▶ **Problem description**: Would you reproduce the whole listing exactly, minus its images?

▶ **Data shown**:
⟨

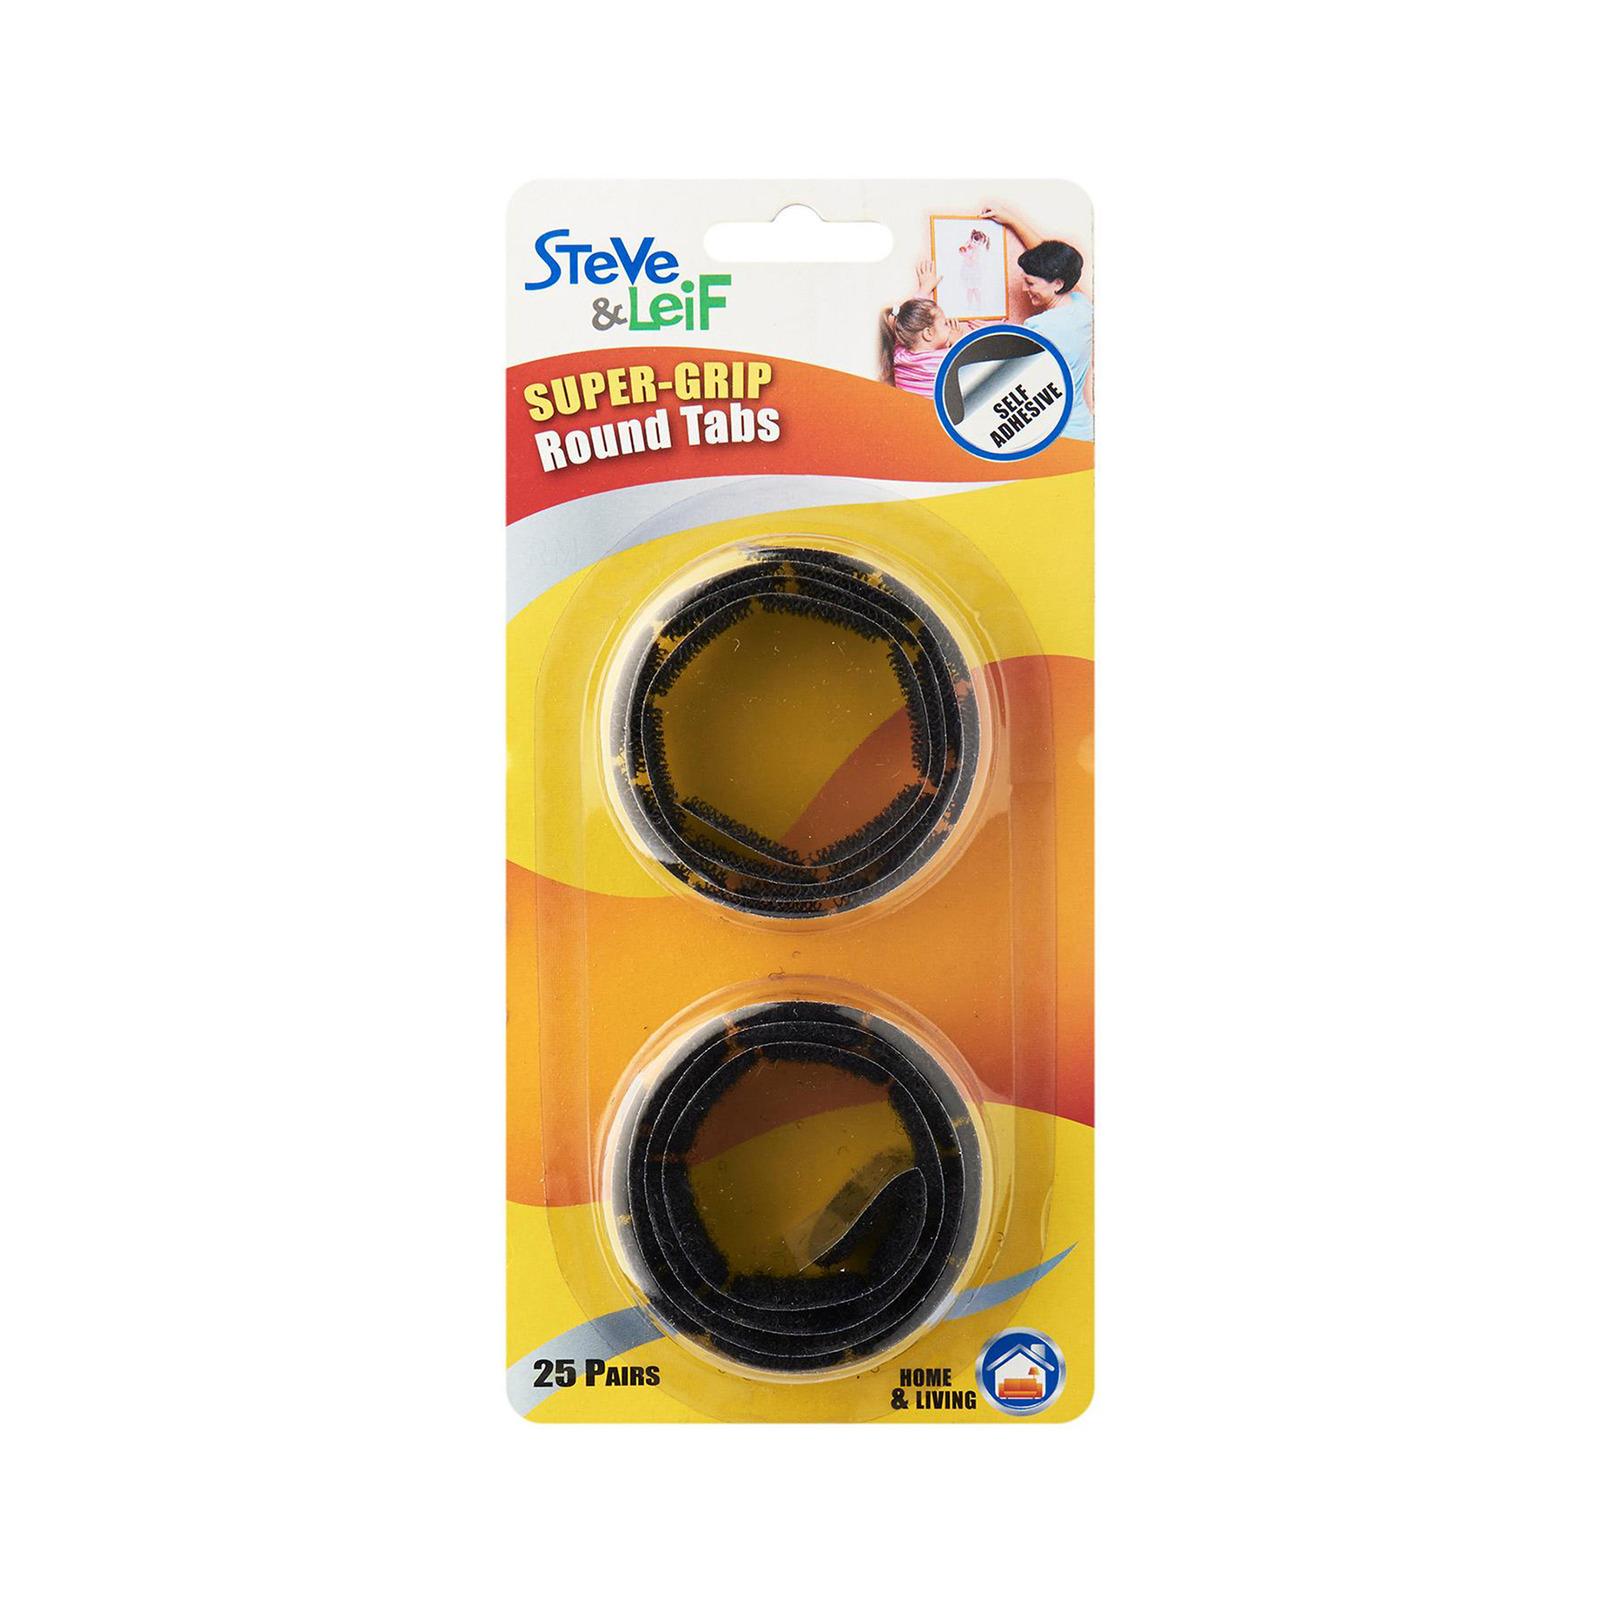 Steve & Leif SuperGrip Black Hook and Loop Round Tabs (25 Sets)
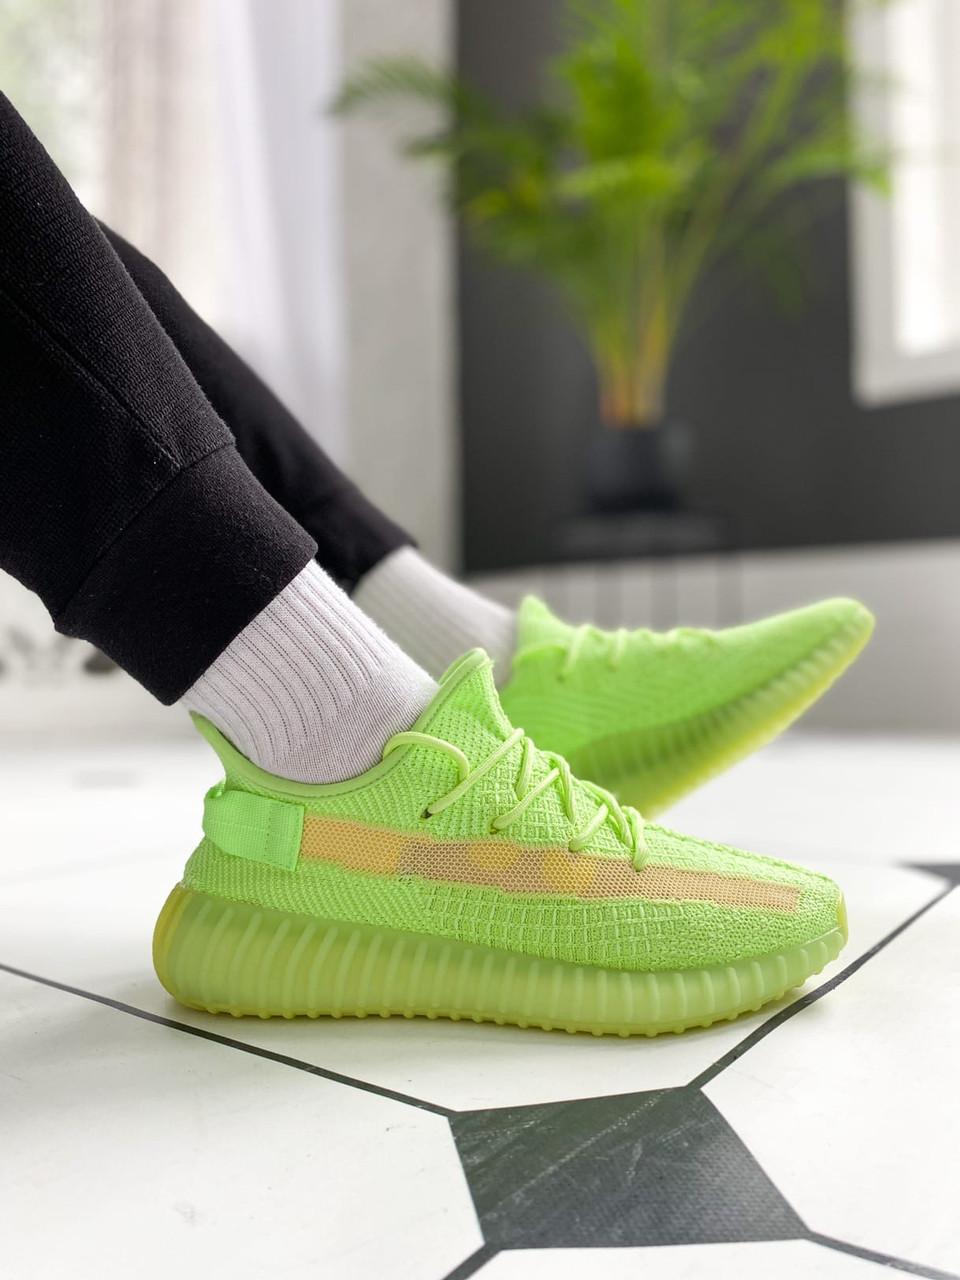 """Стильные кроссовки Adidas Yeezy Boost 350 V2 """"Glow"""""""
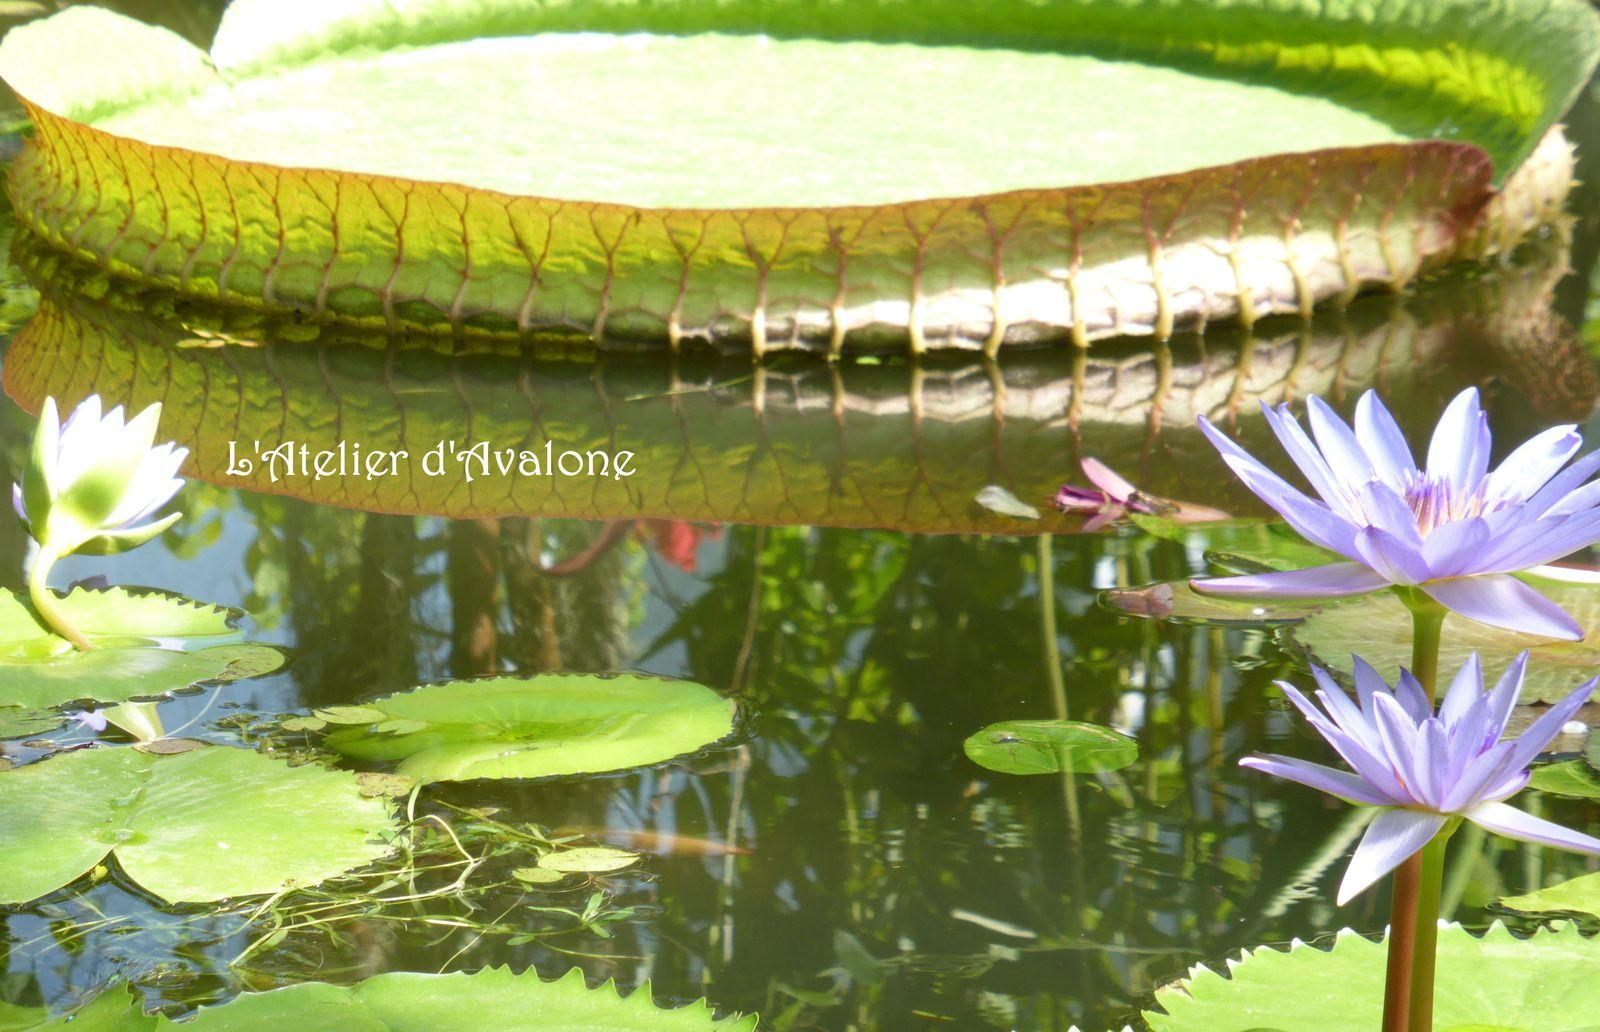 Photographie d'art numérique. Au fil de l'eau vive. Août 2014.

⟩

▶ **Problem solution**:
 Steve & Leif SuperGrip Black Hook and Loop Round Tabs (25 Sets)
 """Стильные кроссовки Adidas Yeezy Boost 350 V2 """"Glow"""""""
 Photographie d'art numérique. Au fil de l'eau vive. Août 2014.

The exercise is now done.